What is being asked >> Among the records below, find the line with "Elicottero 118 Verona" and the line with "Saoirse Ronan Full hd wallpapers". Set down both and every line between, exactly and with no pictures, but nothing else.

Task data >>

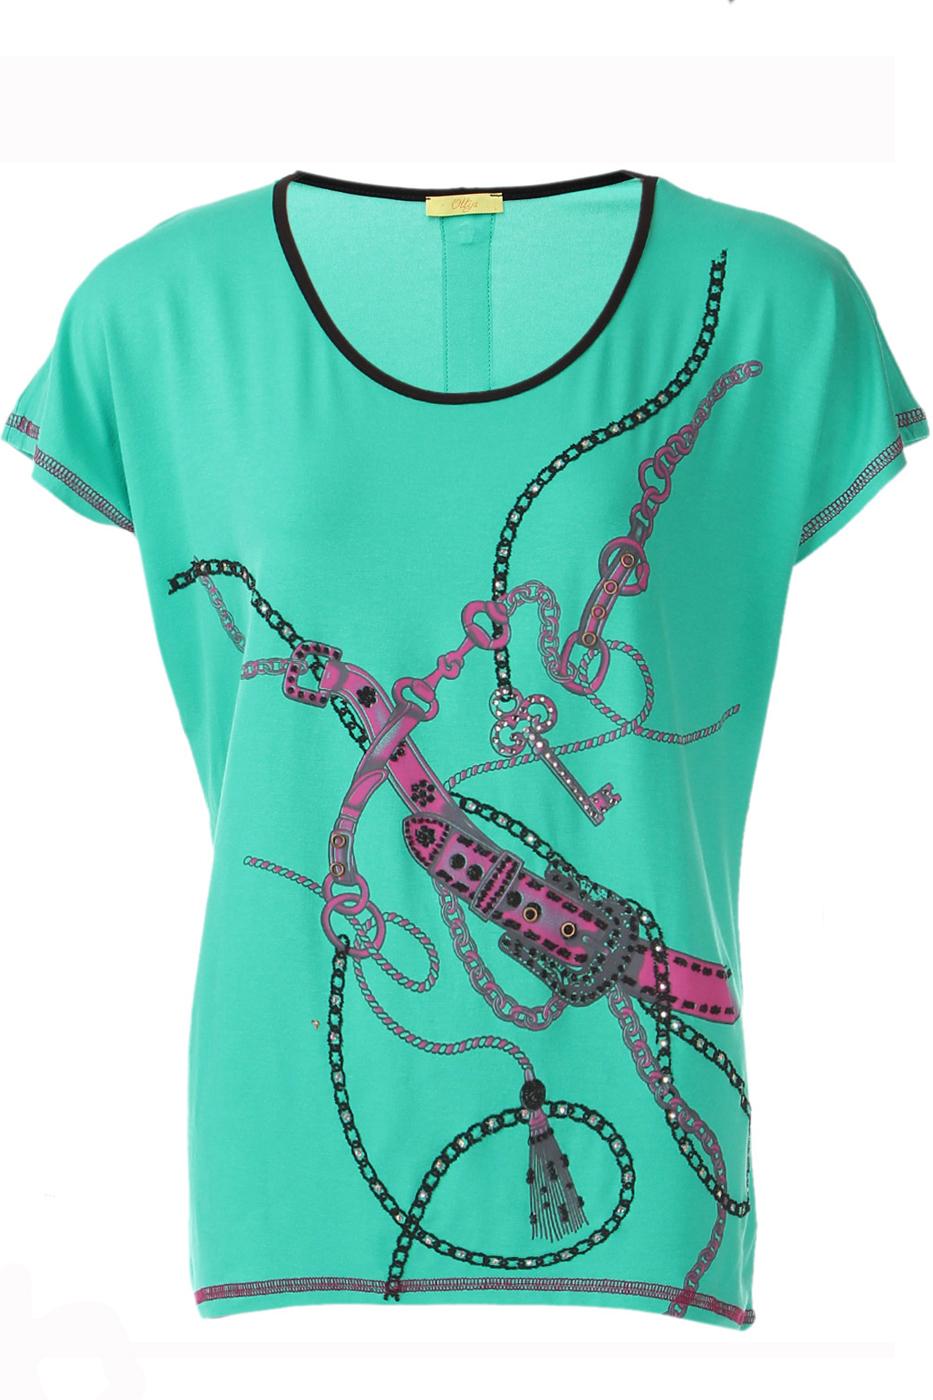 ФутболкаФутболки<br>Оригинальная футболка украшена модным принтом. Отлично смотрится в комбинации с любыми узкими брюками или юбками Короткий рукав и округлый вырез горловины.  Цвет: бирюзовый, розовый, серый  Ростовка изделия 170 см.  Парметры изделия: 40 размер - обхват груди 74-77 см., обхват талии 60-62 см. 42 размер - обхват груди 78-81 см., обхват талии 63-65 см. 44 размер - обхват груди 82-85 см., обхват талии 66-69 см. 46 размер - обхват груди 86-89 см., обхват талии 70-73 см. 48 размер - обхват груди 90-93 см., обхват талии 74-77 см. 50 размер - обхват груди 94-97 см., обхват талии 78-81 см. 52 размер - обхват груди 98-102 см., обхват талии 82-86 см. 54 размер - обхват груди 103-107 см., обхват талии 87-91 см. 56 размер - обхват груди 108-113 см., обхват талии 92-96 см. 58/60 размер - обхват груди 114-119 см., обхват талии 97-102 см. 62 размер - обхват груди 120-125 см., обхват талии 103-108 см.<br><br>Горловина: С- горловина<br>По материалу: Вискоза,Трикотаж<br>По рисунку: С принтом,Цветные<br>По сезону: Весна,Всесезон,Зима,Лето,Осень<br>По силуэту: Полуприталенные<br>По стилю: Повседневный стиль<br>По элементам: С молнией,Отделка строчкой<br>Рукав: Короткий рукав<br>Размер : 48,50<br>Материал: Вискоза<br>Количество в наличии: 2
==
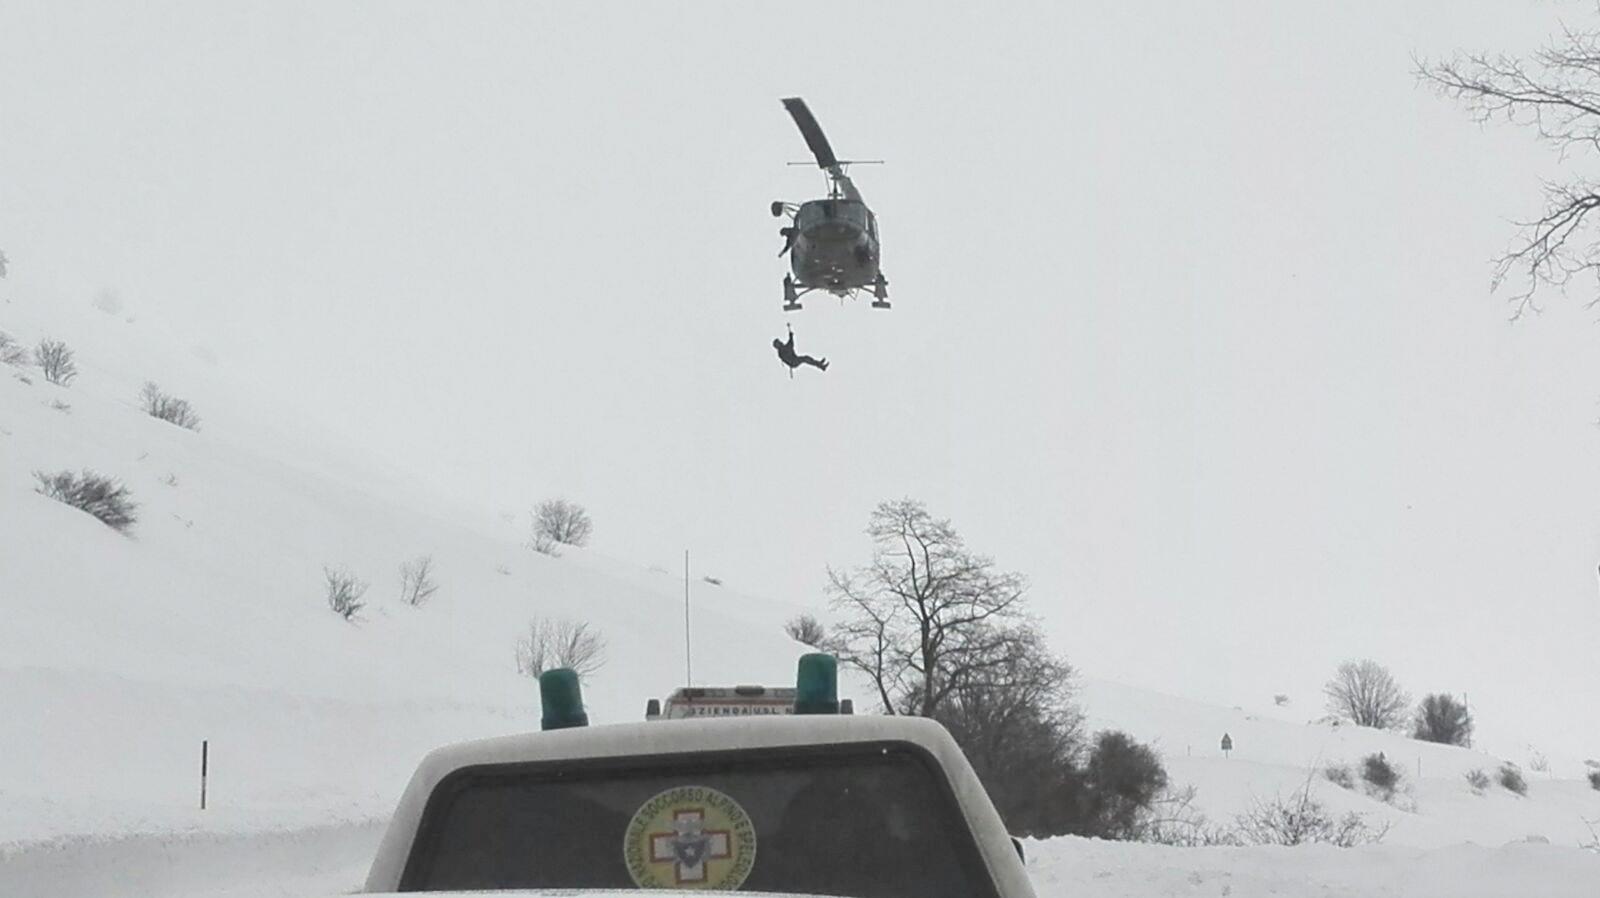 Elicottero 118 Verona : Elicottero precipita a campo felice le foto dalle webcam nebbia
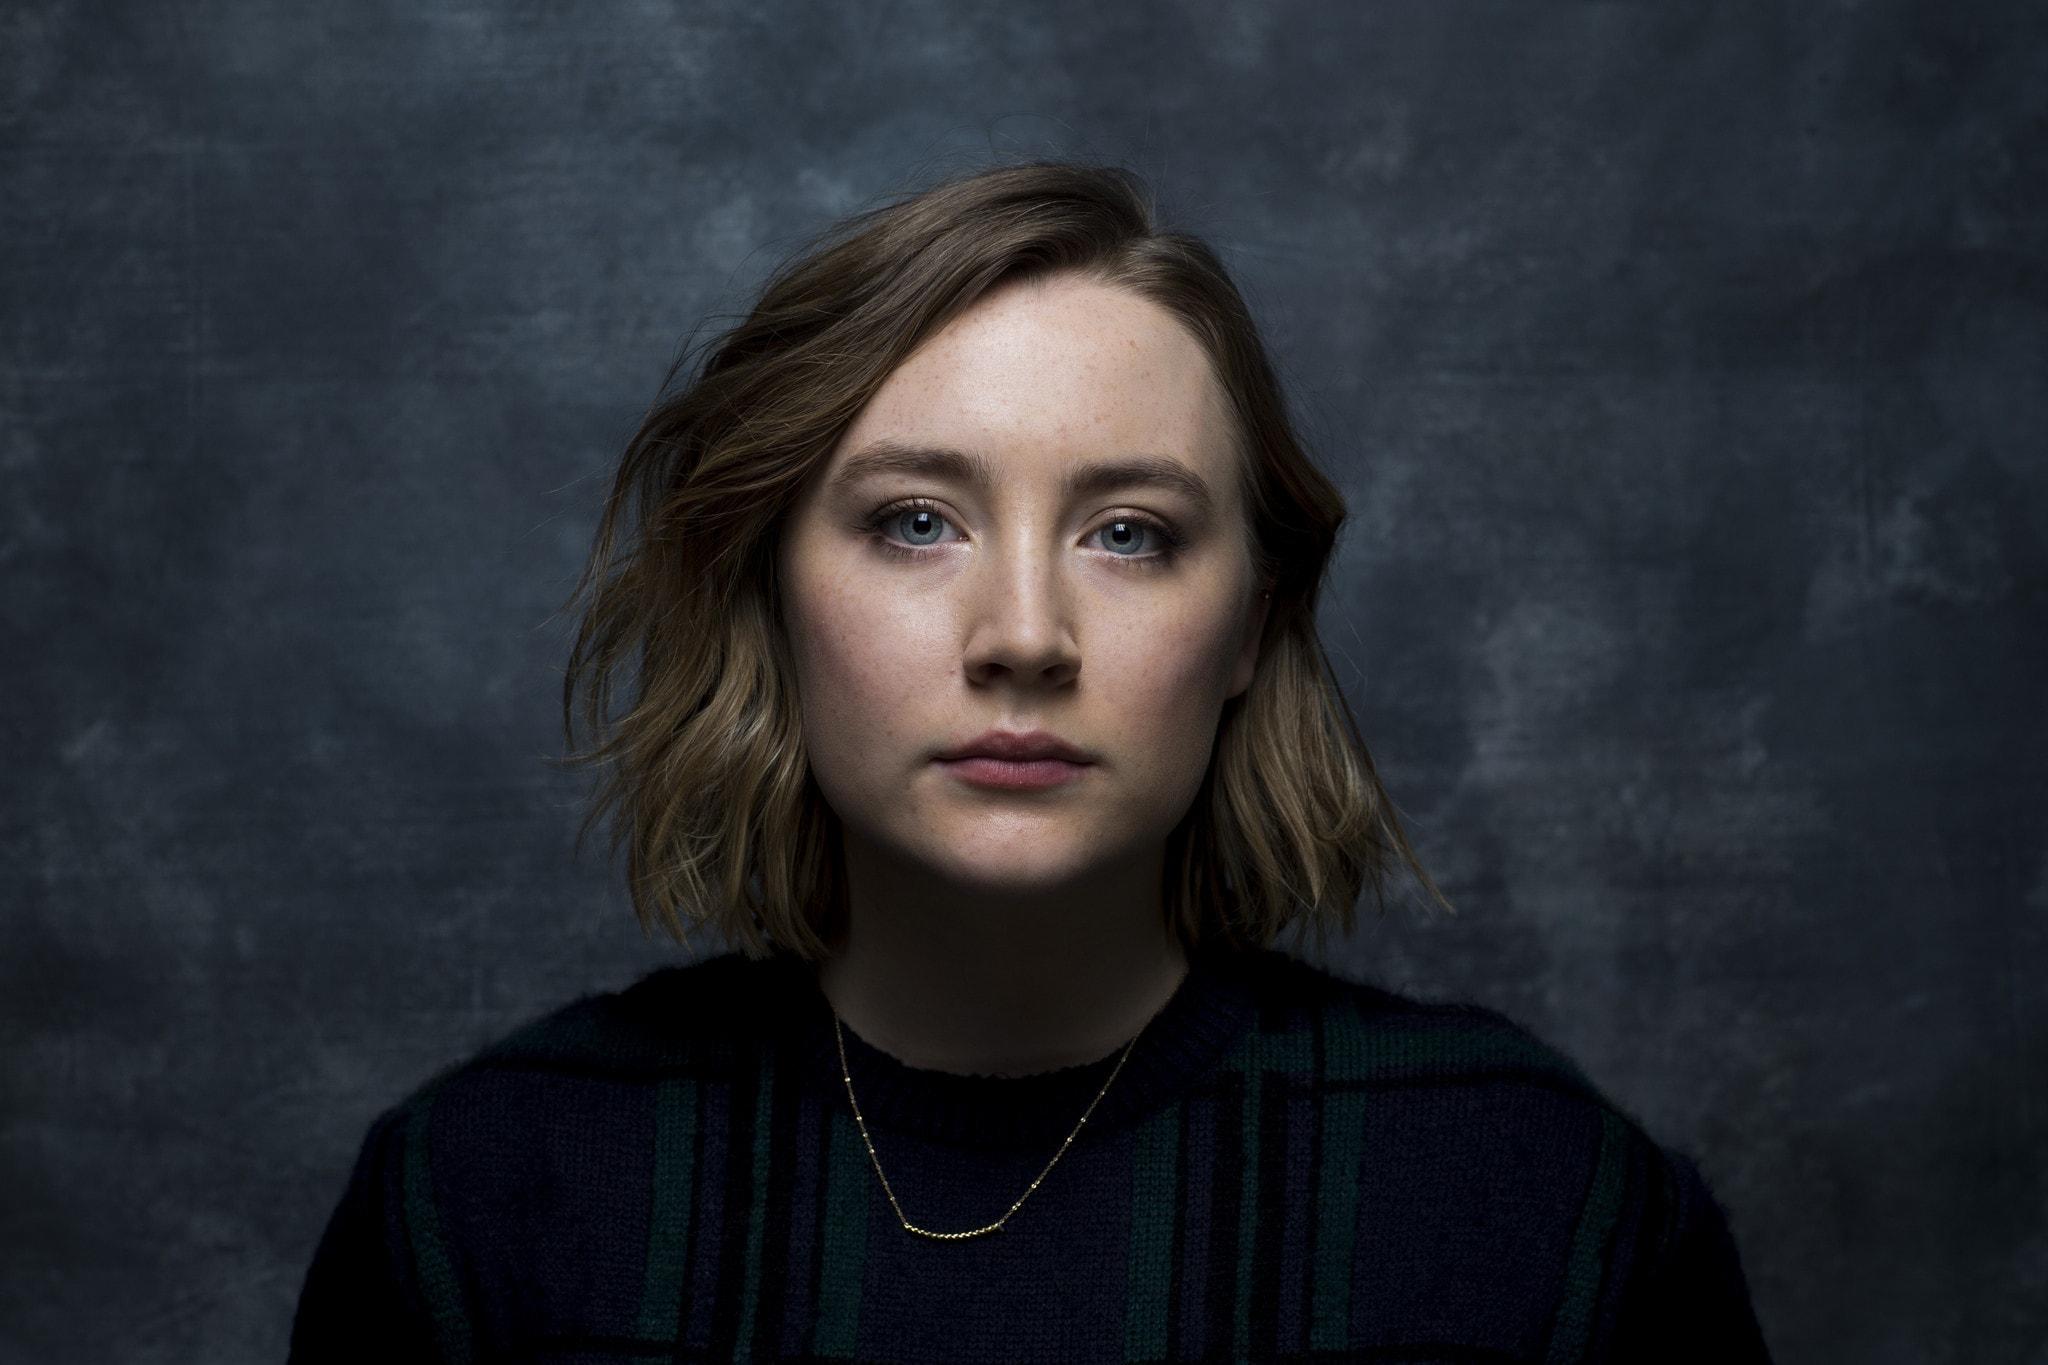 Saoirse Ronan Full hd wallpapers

Exercise answer >>
 Elicottero 118 Verona : Elicottero precipita a campo felice le foto dalle webcam nebbia
 Saoirse Ronan Full hd wallpapers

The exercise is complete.